- TASK DETAILS -
Output the full listing below exactly as it reads, and skip anything that is a picture.

- PROVIDED DATA -
-------------------------

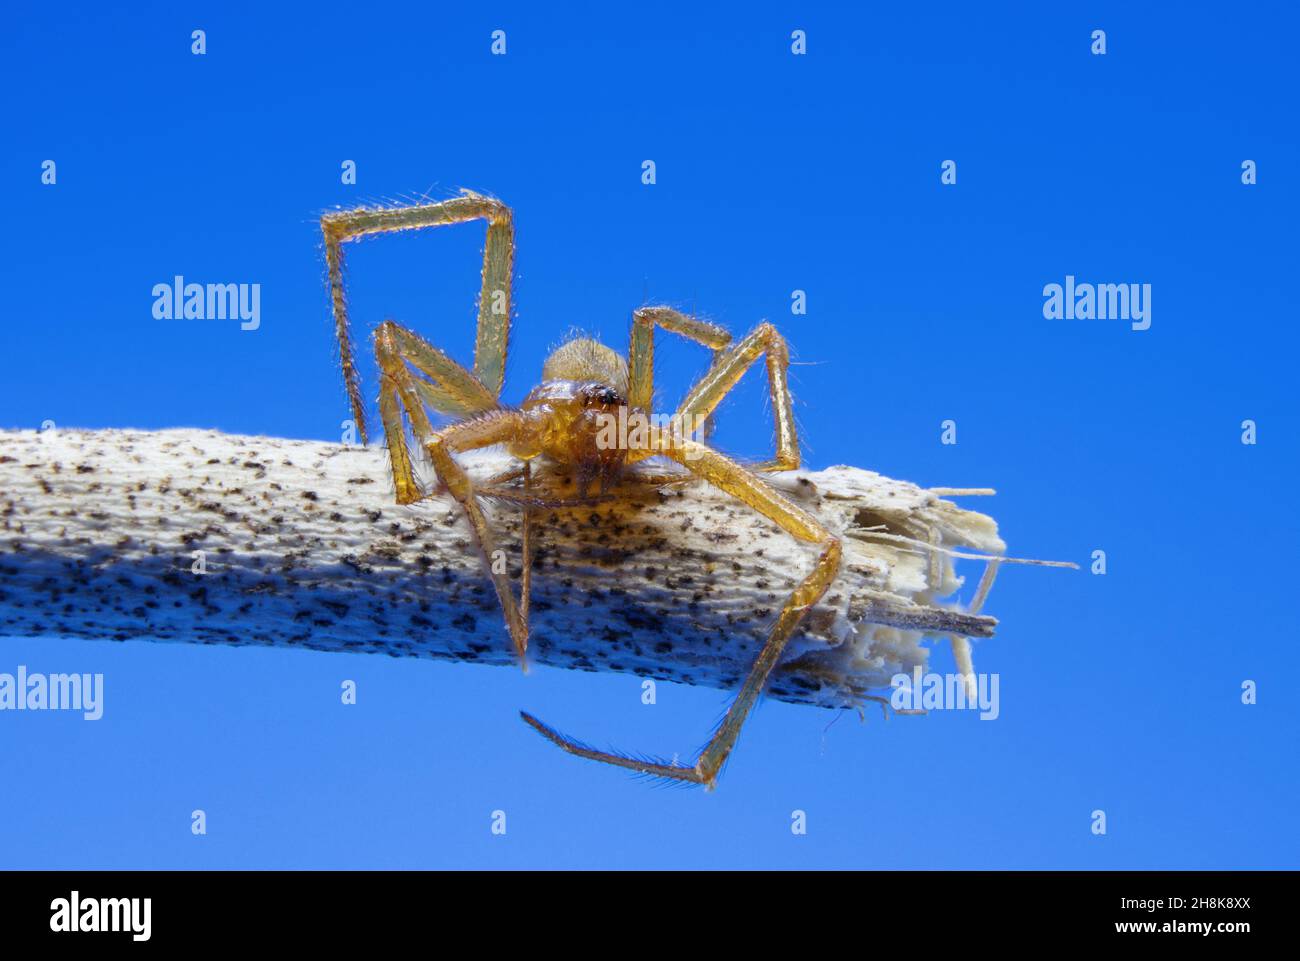 Spider on the wood isolated on a blue background Stock Photo
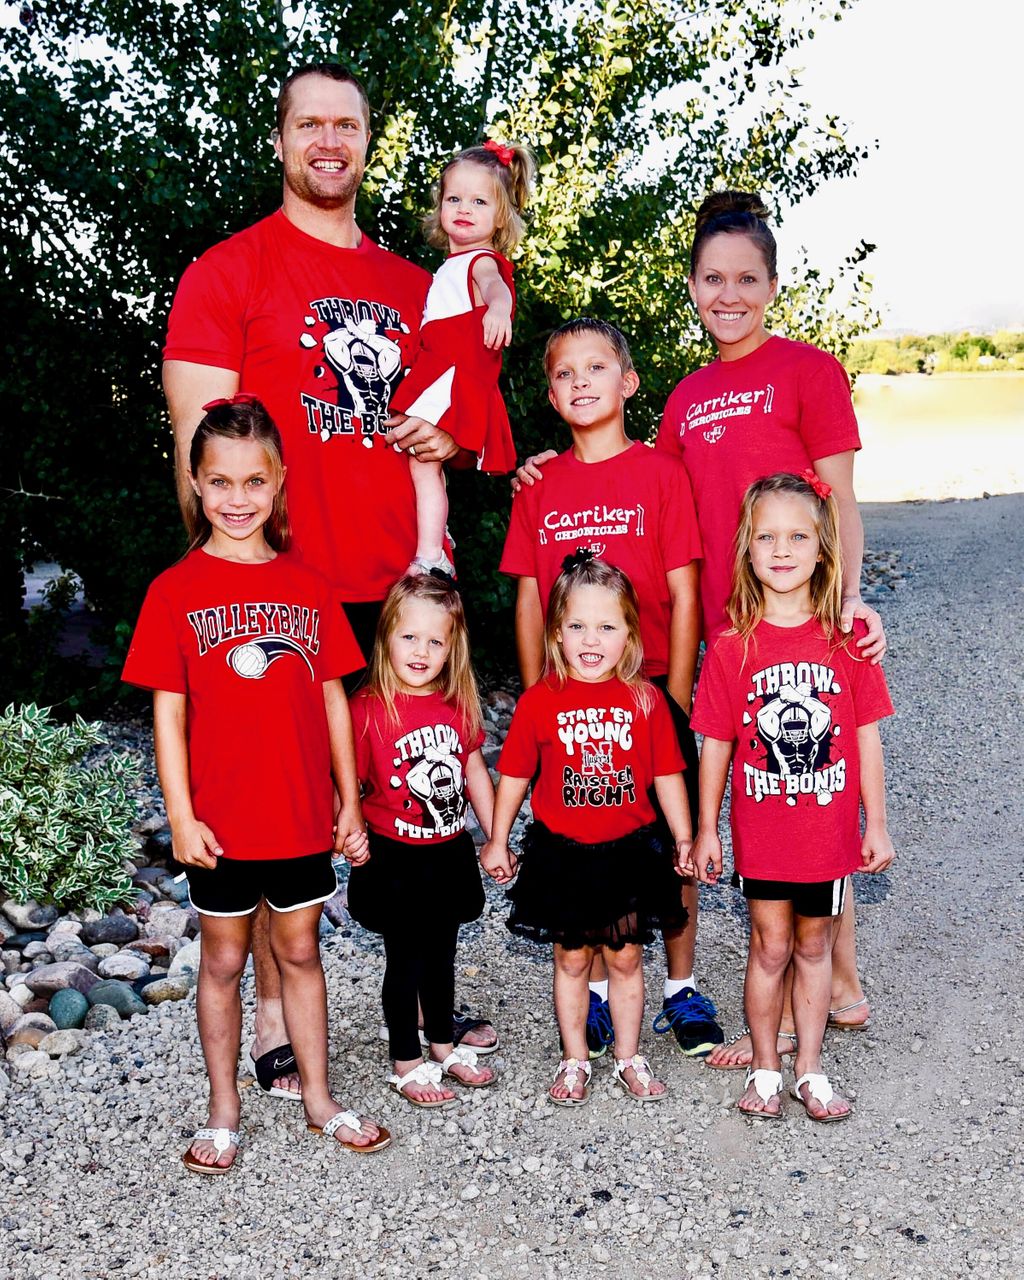 Adam Carriker on X: 'The Carriker family is still proudly wearing
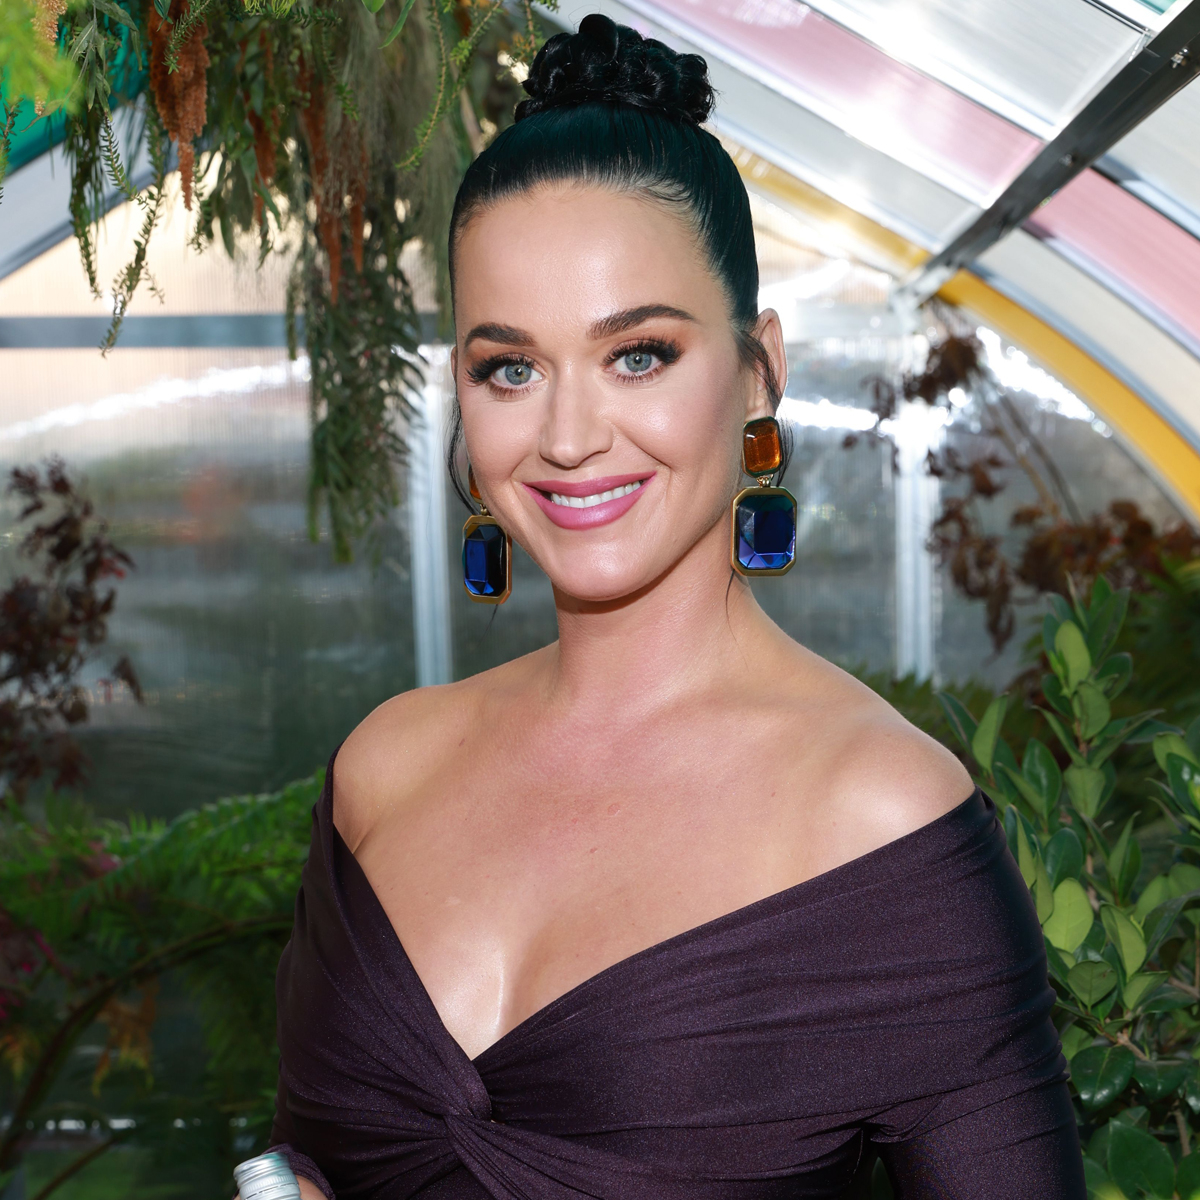 Is Katy Perry Ready for Retirement? She Says…

-------------------------

- YOUR RESPONSE -
 Spider on the wood isolated on a blue background Stock Photo
 Adam Carriker on X: 'The Carriker family is still proudly wearing
 Is Katy Perry Ready for Retirement? She Says…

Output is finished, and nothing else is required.